Which was why I should have walked away. But watching Quinn lick the melted butter off his fingers and give little contented sighs was making it nearly impossible for me to get up and walk away without causing a scene. I could feel my pants getting a little tight, my cock liking the sounds coming from Quinn, the sight of his tongue licking his lips, the brightness of his eyes when he focused on what I had to say, like it was important.
I thought I was good at self-control, but this guy was seriously testing me. It wasn’t even the fact that I liked to look at him. I liked to be around him. He didn’t treat me like J. R. Butler. He treated me like . . . a normal guy. In the last couple of years, people did one of two things when they met me—picked a fight to get on TV, or kissed my ass to get on TV. It was never about me. As a person. With Quinn, I felt almost human.
“So, what do you want to do after the season is over?” Quinn asked, his blue eyes fully focused on me.
I picked at the label on my empty beer bottle. My go-to answer was that I wanted to act. It was what I always said, even when I didn’t believe it anymore. Looking at Quinn, though, I didn’t feel like answering with a lie. “I want to act, but . . . I’m not sure how well it’ll work out.”

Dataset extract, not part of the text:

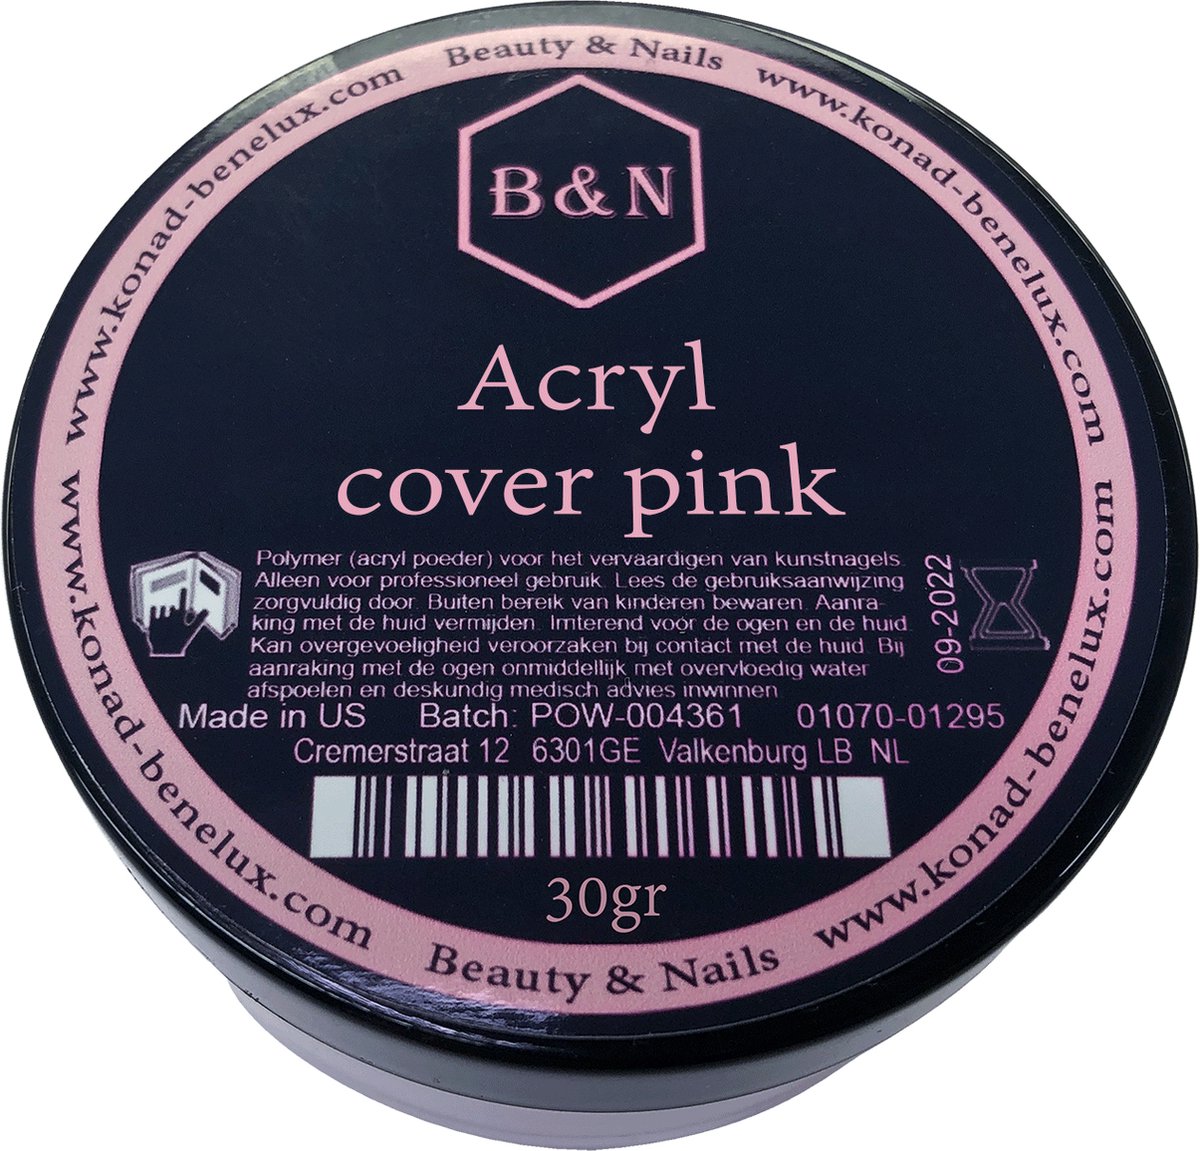 Acryl - cover pink - 30 gr | B&N - acrylpoeder - VEGAN - acrylpoeder

He smiled, and I didn’t know what was so good about that. “I would think you’d have a lot of options after everything is over.”
Options. Yeah, sure. But what would I have to do to keep those options? “Yeah, I guess so.”
“I always knew what I was going to do. My parents were great, but I mentioned they were strict. I think they had me on the collegiate path in kindergarten. There was always a plan. Rules on what I could or couldn’t do to adhere to that plan.” He blew out a breath. “It’s exhausting to be aware of consequences for every single action.”
I laughed. “I guess that’s called being an adult.”